EXERCISE AIM
Reproduce the material that follows, please, but only from its first line to the line containing "Pattern 10 internal oak mirror door.", inclusive.

ENTRIES PROVIDED

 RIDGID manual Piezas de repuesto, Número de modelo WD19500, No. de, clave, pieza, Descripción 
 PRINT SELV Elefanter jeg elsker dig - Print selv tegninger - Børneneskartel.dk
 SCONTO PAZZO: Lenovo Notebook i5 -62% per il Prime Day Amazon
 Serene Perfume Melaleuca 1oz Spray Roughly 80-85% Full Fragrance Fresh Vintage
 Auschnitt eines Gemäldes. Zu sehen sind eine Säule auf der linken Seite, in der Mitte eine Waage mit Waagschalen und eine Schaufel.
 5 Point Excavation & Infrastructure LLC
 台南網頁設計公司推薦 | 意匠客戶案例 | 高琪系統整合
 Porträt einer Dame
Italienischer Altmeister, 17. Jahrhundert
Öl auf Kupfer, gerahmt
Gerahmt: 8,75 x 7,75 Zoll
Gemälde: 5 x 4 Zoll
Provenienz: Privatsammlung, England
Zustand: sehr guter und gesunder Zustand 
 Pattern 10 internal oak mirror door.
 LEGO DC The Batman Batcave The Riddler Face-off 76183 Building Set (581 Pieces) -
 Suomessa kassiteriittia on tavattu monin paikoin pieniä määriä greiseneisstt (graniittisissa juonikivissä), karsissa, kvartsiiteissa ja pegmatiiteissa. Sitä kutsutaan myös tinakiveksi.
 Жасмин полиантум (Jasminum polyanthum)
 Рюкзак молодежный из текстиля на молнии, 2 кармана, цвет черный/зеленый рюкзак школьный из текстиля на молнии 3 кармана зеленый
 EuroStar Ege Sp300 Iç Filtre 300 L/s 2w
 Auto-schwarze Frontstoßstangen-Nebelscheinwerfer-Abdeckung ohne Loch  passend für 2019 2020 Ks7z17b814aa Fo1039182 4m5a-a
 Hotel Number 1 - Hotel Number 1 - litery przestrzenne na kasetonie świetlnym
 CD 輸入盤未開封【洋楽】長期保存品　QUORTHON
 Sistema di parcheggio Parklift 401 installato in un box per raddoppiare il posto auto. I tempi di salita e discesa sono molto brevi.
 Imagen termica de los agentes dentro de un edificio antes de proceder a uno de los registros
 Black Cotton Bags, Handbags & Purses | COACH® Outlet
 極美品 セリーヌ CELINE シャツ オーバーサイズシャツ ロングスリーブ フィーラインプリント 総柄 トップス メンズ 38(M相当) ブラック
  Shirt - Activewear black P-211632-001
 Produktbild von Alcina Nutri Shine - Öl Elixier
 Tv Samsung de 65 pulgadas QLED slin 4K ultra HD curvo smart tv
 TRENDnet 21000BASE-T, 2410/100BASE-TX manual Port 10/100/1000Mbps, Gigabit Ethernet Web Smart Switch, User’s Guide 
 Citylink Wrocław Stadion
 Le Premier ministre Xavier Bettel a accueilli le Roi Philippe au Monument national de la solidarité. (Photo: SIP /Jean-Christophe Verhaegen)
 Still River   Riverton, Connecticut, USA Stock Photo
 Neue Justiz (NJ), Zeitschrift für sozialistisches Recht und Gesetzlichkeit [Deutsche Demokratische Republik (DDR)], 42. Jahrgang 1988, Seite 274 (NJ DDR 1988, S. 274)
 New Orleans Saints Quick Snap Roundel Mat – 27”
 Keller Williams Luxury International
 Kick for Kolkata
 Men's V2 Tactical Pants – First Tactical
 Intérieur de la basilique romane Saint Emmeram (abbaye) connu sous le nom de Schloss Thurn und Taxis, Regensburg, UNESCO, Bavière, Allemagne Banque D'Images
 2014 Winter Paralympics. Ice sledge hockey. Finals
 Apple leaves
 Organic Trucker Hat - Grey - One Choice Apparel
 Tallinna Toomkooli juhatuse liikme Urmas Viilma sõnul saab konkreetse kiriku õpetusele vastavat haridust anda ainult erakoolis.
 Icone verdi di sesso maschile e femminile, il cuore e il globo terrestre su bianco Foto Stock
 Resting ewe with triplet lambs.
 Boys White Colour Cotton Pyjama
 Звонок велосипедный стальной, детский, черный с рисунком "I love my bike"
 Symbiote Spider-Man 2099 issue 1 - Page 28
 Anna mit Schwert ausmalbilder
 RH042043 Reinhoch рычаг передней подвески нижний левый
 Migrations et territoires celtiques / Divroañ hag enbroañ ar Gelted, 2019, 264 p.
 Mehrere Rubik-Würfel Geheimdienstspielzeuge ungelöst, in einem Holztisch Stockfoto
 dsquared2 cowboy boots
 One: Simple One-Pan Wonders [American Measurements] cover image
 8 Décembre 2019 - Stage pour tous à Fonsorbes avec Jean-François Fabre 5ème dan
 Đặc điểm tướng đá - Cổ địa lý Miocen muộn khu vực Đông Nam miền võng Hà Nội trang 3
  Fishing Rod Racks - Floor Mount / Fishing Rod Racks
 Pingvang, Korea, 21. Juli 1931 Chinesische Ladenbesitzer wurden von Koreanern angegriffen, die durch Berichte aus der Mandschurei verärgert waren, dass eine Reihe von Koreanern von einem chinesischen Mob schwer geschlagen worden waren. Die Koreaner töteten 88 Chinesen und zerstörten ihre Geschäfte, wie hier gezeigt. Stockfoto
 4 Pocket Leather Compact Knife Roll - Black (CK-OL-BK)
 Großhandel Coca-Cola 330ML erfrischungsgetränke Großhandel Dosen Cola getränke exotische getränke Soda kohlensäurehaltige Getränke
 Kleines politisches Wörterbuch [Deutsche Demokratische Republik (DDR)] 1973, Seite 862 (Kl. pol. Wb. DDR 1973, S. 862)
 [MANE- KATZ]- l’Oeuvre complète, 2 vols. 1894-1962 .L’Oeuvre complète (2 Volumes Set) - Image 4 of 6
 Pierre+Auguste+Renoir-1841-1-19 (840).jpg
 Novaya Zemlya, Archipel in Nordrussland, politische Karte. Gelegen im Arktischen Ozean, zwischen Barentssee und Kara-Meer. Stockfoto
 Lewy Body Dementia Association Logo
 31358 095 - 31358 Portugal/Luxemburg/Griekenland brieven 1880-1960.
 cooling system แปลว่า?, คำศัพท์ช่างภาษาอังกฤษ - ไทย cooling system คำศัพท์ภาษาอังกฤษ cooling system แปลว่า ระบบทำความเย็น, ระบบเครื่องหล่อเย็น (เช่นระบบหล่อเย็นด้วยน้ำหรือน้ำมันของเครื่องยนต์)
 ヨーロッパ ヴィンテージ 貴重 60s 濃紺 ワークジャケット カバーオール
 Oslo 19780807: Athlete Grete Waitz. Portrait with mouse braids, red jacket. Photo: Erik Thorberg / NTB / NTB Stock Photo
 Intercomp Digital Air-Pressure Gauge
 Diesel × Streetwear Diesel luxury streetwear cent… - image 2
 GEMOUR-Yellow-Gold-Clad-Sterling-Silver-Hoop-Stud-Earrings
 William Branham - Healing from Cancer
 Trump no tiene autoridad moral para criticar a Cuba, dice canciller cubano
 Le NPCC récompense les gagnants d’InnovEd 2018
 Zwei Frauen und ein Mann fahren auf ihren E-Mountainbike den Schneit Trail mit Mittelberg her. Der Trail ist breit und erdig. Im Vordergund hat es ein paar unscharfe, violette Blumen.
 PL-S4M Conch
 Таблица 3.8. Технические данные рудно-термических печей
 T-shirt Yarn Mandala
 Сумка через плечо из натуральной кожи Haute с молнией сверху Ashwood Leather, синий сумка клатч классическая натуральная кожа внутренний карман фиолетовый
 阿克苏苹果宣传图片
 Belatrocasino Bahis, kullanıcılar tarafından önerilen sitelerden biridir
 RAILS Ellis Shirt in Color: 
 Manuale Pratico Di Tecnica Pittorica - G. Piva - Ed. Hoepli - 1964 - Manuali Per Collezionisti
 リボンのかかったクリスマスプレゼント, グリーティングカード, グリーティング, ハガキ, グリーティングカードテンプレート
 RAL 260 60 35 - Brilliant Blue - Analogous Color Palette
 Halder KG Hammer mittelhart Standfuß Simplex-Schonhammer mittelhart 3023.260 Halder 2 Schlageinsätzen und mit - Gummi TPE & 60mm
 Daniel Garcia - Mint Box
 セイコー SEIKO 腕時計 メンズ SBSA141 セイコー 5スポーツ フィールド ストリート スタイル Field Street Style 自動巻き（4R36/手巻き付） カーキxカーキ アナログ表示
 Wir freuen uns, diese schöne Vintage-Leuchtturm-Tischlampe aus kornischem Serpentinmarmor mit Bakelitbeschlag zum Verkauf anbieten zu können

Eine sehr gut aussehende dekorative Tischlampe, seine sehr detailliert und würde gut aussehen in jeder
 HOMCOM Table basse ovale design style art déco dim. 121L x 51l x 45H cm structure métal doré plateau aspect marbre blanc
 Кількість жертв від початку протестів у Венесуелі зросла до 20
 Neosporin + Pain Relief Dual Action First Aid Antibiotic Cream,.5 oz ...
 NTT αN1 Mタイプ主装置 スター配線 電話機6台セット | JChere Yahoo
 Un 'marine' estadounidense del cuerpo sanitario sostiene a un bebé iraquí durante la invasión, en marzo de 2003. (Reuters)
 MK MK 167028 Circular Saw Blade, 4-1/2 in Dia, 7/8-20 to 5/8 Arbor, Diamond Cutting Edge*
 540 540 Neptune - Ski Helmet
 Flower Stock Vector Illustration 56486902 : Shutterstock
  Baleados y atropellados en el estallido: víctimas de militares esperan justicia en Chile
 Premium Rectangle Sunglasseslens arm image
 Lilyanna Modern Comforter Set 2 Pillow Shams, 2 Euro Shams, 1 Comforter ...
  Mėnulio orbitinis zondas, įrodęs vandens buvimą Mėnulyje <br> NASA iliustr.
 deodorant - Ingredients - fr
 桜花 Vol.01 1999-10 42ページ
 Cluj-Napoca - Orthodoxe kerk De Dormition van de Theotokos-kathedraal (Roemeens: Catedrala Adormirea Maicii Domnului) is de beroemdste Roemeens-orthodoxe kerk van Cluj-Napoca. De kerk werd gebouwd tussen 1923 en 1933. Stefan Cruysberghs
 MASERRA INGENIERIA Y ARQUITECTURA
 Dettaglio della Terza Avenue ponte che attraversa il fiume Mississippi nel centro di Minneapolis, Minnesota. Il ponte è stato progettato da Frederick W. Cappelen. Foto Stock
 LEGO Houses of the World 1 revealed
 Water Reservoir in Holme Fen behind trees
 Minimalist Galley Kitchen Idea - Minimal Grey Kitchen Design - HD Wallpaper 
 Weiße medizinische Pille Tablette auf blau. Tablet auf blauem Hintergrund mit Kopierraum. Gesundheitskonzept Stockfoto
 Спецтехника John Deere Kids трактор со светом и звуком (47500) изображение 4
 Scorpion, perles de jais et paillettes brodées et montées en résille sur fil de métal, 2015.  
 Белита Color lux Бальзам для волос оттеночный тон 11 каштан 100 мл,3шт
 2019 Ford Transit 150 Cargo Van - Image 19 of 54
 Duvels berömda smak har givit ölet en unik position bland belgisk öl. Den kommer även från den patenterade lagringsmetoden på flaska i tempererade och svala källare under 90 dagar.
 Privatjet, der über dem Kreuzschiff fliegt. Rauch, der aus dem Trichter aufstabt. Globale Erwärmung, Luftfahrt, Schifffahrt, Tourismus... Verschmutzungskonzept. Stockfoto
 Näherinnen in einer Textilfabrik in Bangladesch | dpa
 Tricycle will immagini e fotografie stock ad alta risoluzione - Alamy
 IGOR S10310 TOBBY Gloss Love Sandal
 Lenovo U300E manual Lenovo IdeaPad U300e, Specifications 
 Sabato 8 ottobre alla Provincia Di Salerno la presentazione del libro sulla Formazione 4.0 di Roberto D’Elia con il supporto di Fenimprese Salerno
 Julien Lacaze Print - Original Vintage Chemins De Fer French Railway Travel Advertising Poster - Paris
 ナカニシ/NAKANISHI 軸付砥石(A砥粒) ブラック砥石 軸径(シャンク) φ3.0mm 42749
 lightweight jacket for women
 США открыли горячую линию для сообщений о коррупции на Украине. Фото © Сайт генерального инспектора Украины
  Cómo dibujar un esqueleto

TASK RESULT
 RIDGID manual Piezas de repuesto, Número de modelo WD19500, No. de, clave, pieza, Descripción 
 PRINT SELV Elefanter jeg elsker dig - Print selv tegninger - Børneneskartel.dk
 SCONTO PAZZO: Lenovo Notebook i5 -62% per il Prime Day Amazon
 Serene Perfume Melaleuca 1oz Spray Roughly 80-85% Full Fragrance Fresh Vintage
 Auschnitt eines Gemäldes. Zu sehen sind eine Säule auf der linken Seite, in der Mitte eine Waage mit Waagschalen und eine Schaufel.
 5 Point Excavation & Infrastructure LLC
 台南網頁設計公司推薦 | 意匠客戶案例 | 高琪系統整合
 Porträt einer Dame
Italienischer Altmeister, 17. Jahrhundert
Öl auf Kupfer, gerahmt
Gerahmt: 8,75 x 7,75 Zoll
Gemälde: 5 x 4 Zoll
Provenienz: Privatsammlung, England
Zustand: sehr guter und gesunder Zustand 
 Pattern 10 internal oak mirror door.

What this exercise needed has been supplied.